▶ _ASSIGNMENT_
The following data is to be repeated exactly, its pictures excluded.

▶ _SUPPLIED DATA_

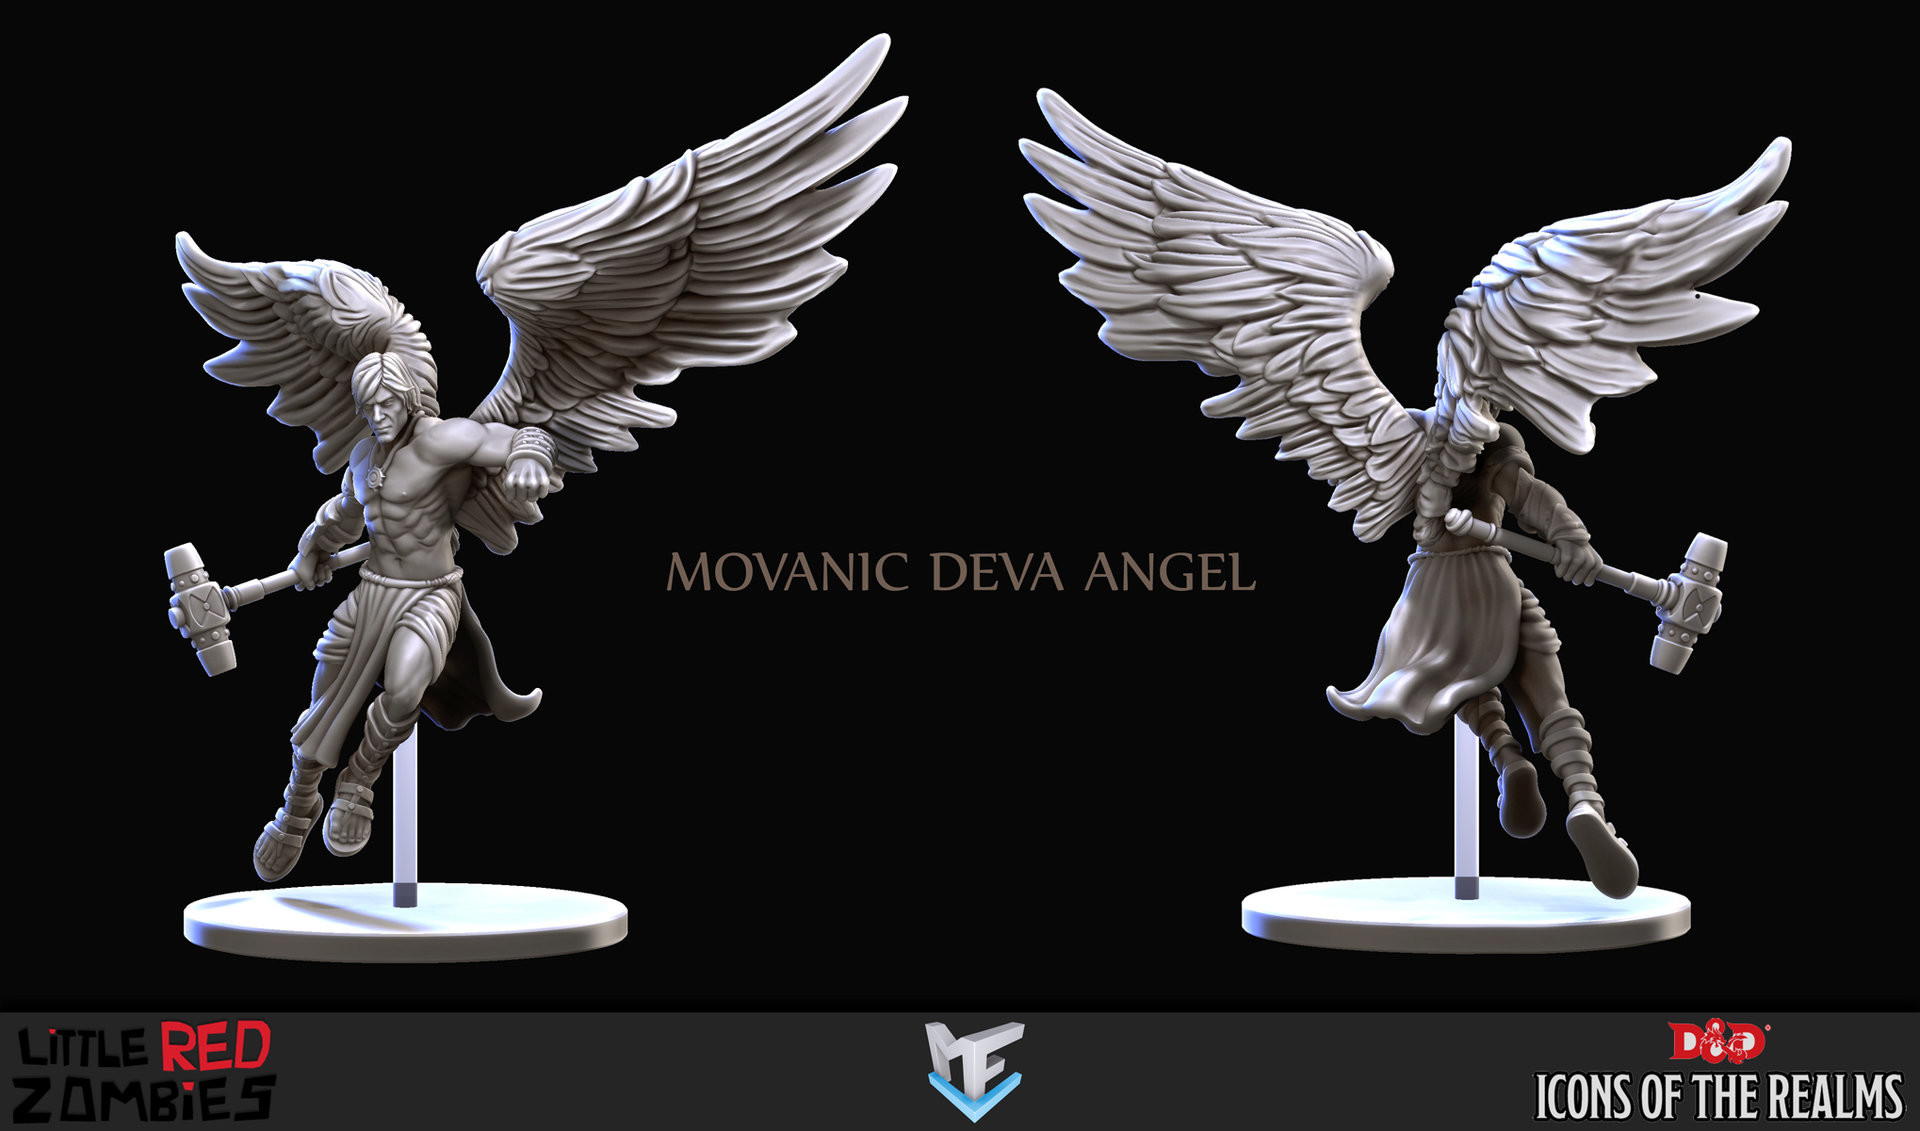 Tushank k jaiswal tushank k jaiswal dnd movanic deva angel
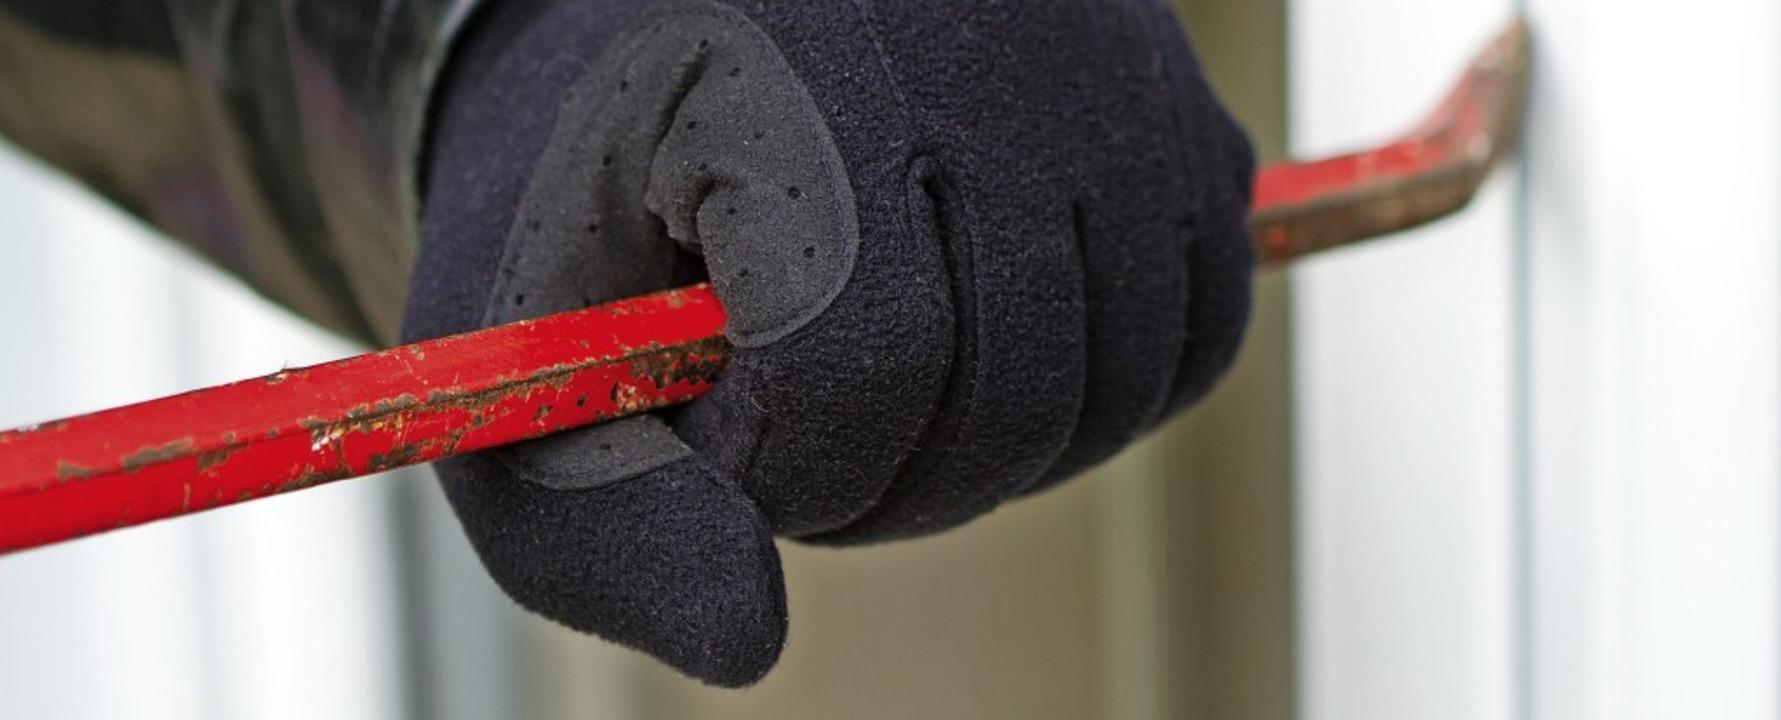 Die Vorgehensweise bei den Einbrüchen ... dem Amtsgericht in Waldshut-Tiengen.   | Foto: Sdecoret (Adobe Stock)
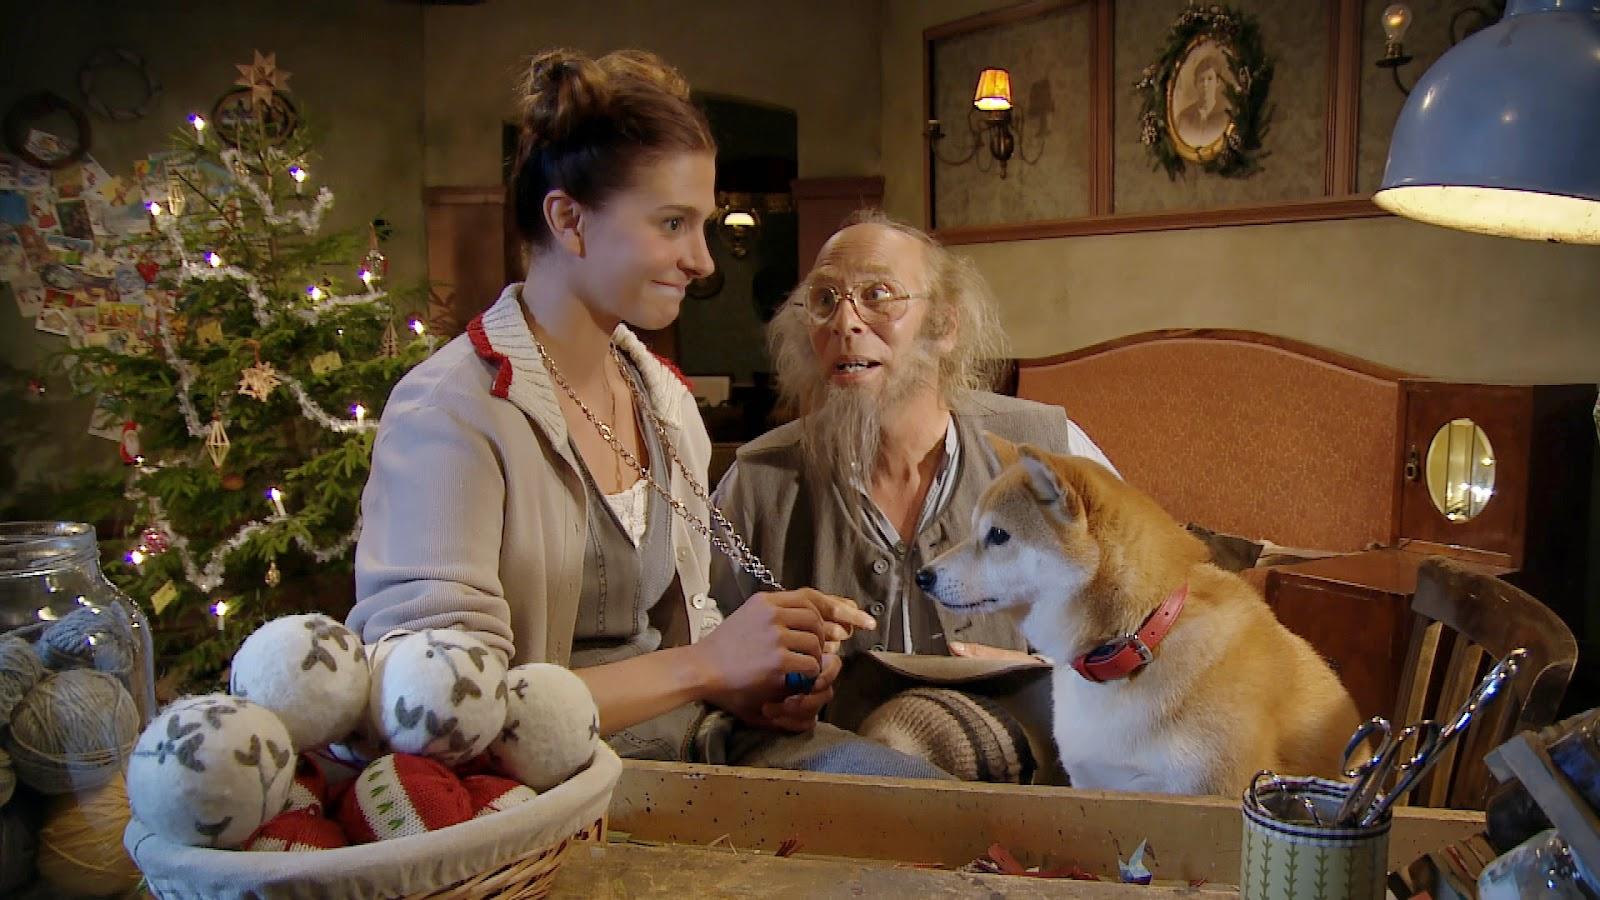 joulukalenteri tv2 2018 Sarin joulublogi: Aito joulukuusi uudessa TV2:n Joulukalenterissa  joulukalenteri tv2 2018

▶ _COMPLETED EXERCISE_
 Tushank k jaiswal tushank k jaiswal dnd movanic deva angel
 Die Vorgehensweise bei den Einbrüchen ... dem Amtsgericht in Waldshut-Tiengen.   | Foto: Sdecoret (Adobe Stock)
 joulukalenteri tv2 2018 Sarin joulublogi: Aito joulukuusi uudessa TV2:n Joulukalenterissa  joulukalenteri tv2 2018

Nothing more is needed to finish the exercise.